BEGIN Material provided
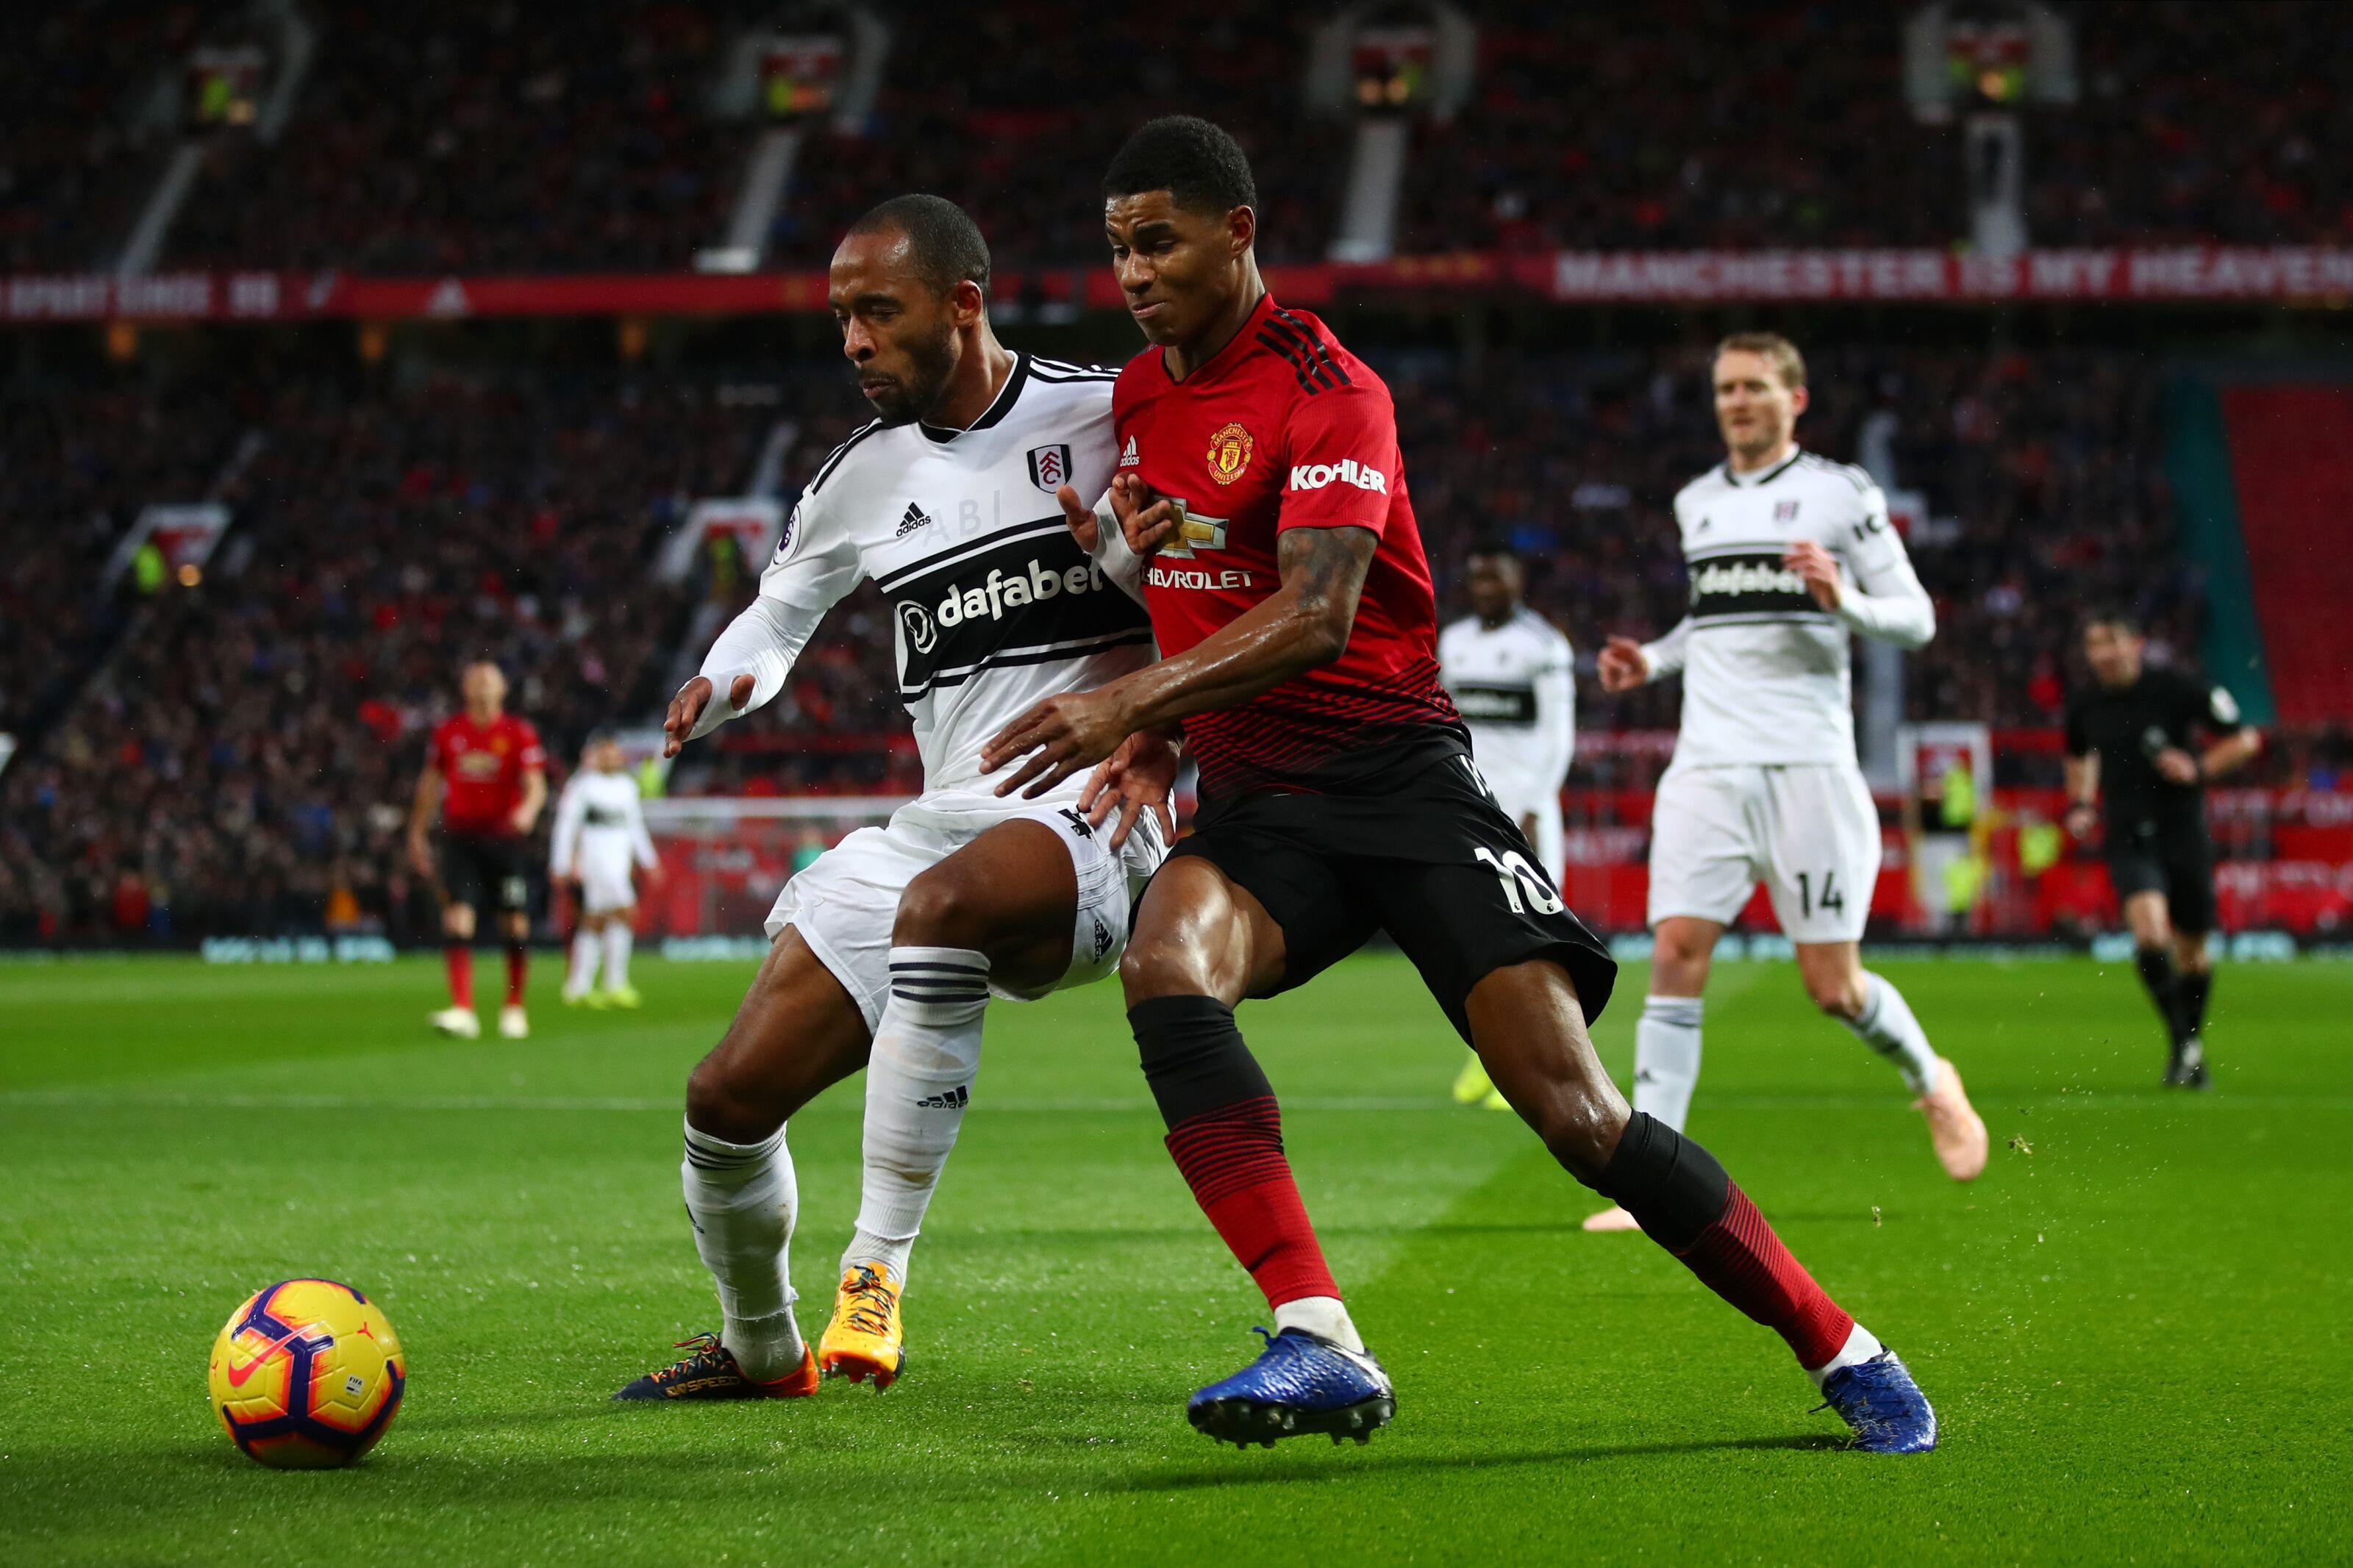 Fulham Vs Man Utd: Marcus Rashford's Phenomenal Game By Numbers Against
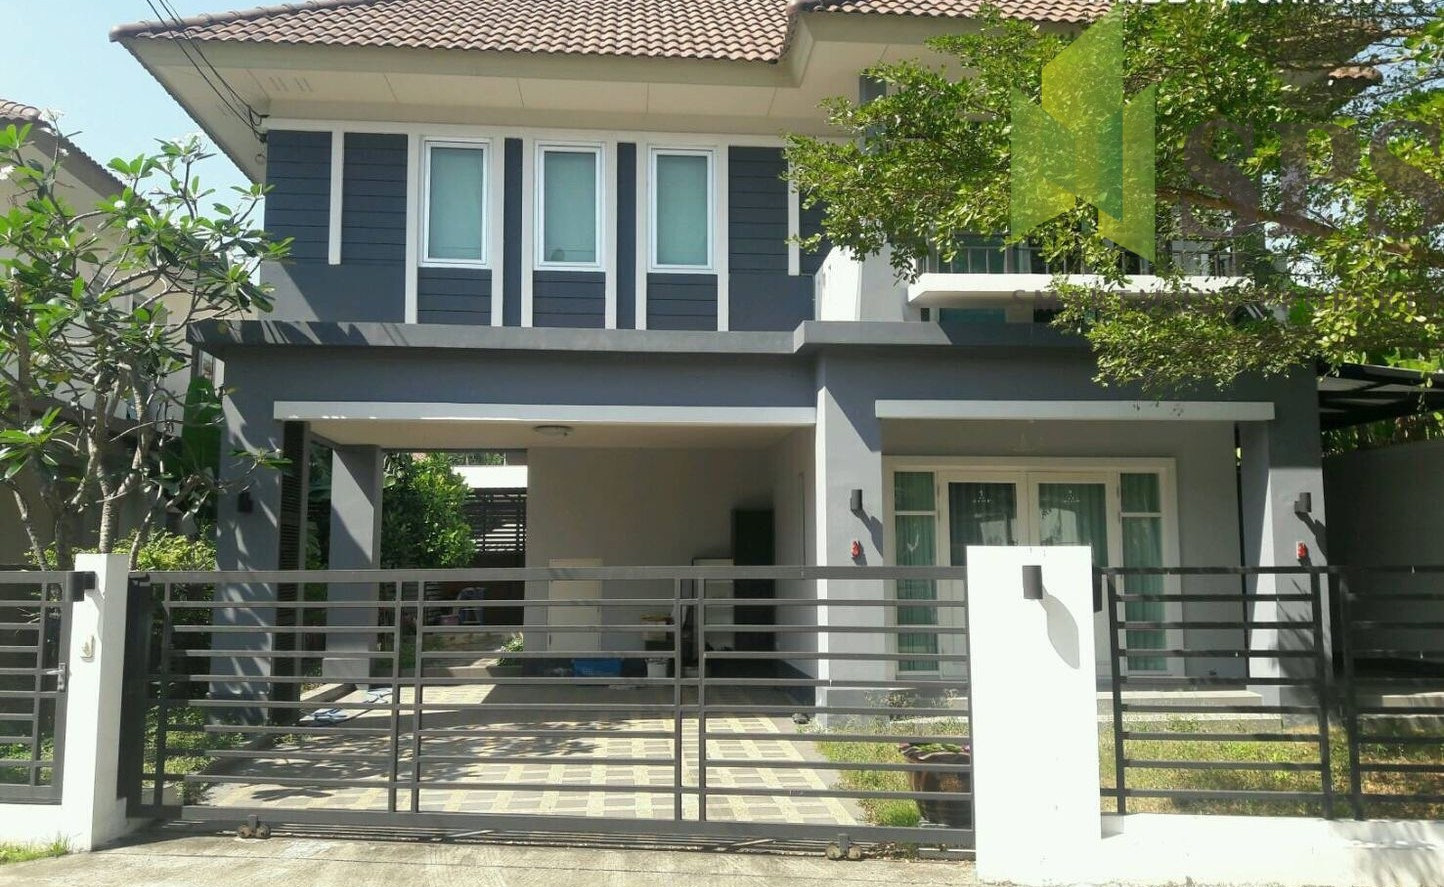 For Rent Single house Atoll Maldives Palms Bangna Wongwan( SPSPE343)
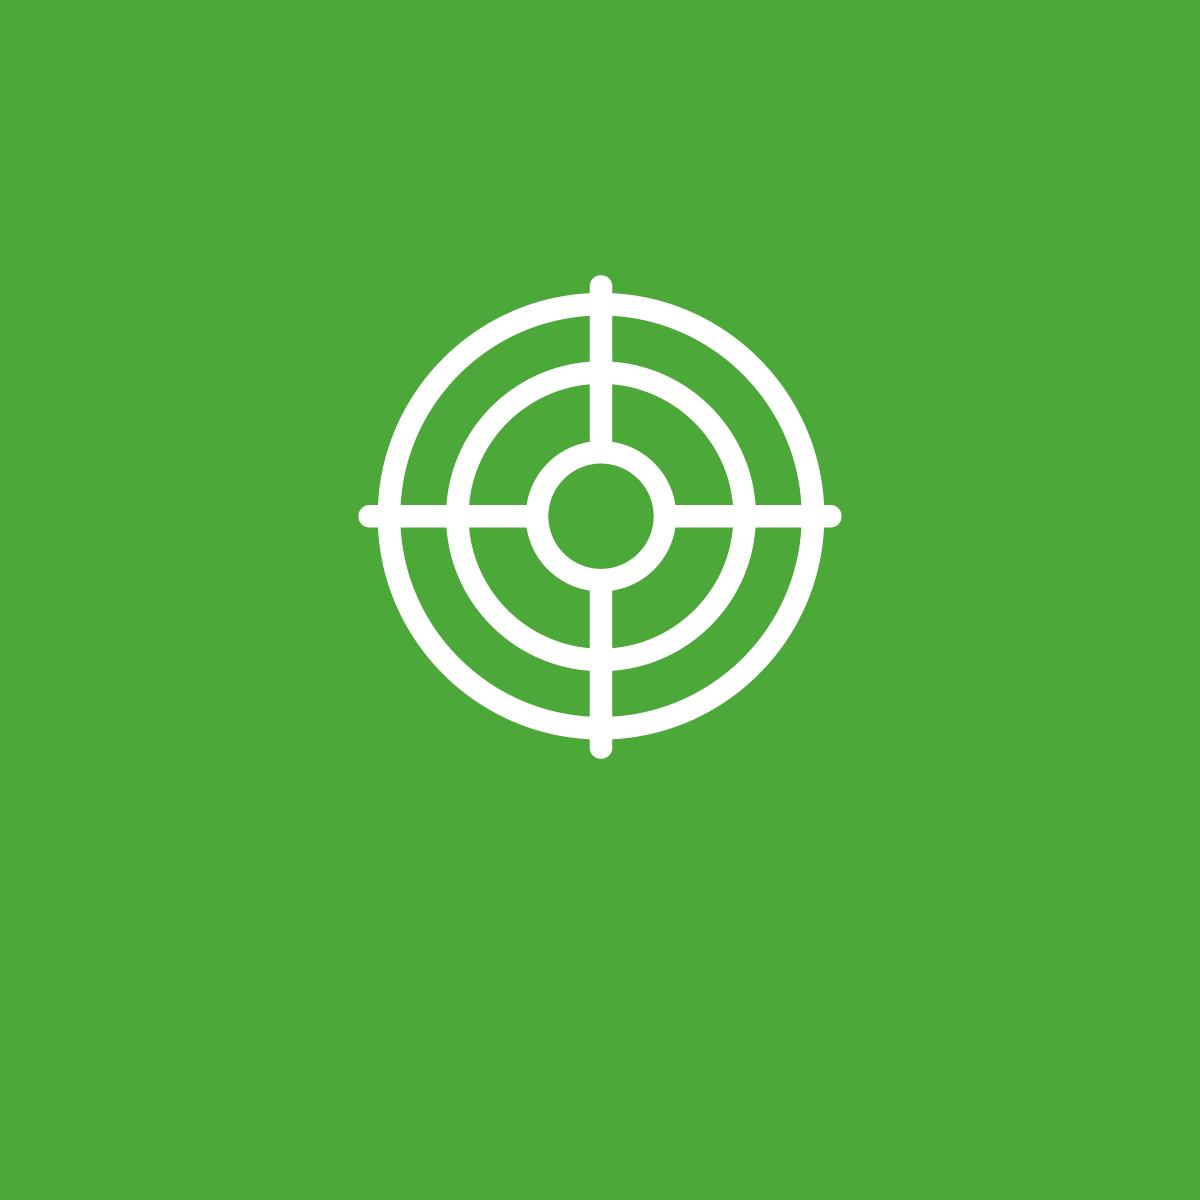 36pt - Mapa de propósito
END Material provided
What is needed.
With pictures left out, print the lines of the material above from the line containing "For Rent Single" through its last line, exactly and nothing more.

Response below.
 For Rent Single house Atoll Maldives Palms Bangna Wongwan( SPSPE343)
 36pt - Mapa de propósito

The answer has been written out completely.